NCSU economics professor Dr. Melinda Morrill has some bad news for working moms. In her study comparing health statistics of school-aged children with working mothers to those with mothers who stay at home, Morrill found that the children of mothers who worked were 200% more likely to be hospitalized overnight, to suffer an injury or poisoning, or to have a asthma attack.

Morrill's study looked at 20 years of health statistics involving approximately 89,000 children aged 7-17. Her results differ from previous studies that indicated children of working mothers were healthier, presumably because of higher income, greater access to health insurance, and increased maternal self-esteem. Those studies were flawed, according to Morrill, because they had reversed cause and effect. That is, the stay-at-home mother group had numbers of moms of children with such severe medical problems that they required full-time care or supervision, effectively eliminating the option of the mother to work outside the home. But these children weren't getting sick because their moms were home; their moms were home because the children were so sick.

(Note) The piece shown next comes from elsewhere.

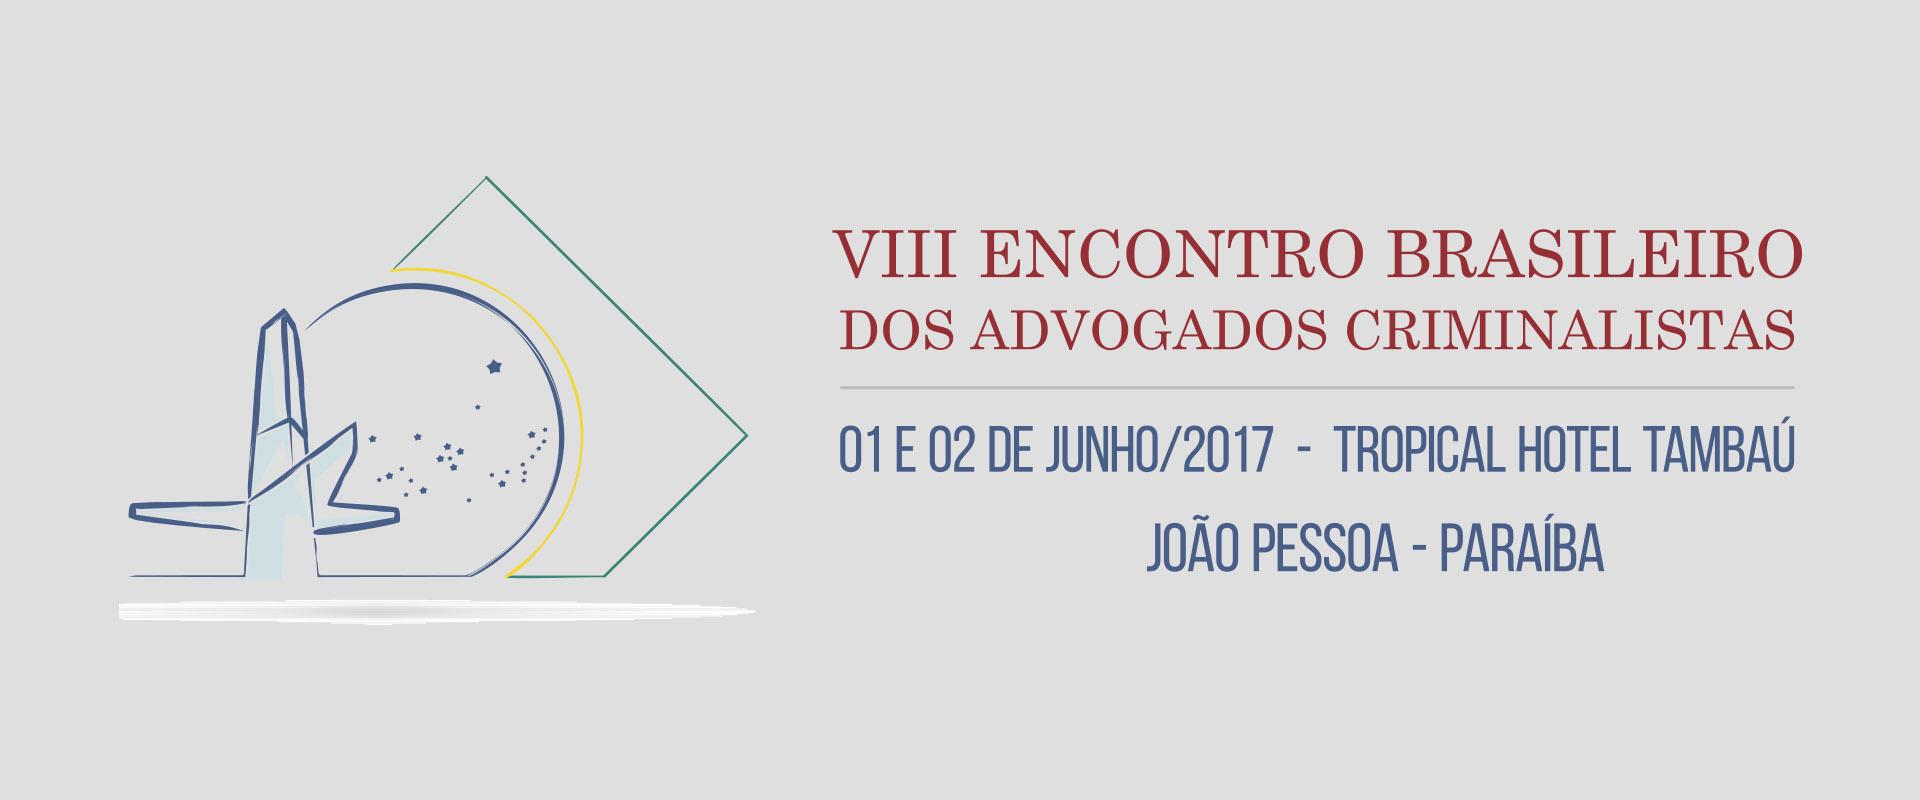 VIII Encontro Brasileiro dos Advogados Criminalistas

When Morrill used advanced statistical techniques to account for such issues, she found that the opposite was actually true--that children of stay-at-home moms had highly significant better chances of avoiding injury and poisoning, hospitalization, and asthma attacks.

Morrill clearly wants to avoid setting off another "mommy war." She states "I don't think anyone should make sweeping value judgements based on a mother's decision to work or not work." "But," she continues, "it is important that we are aware of the the costs and benefits associated with a mother's decision to work." Apparently, one of those costs is increased health risks for the children of working moms.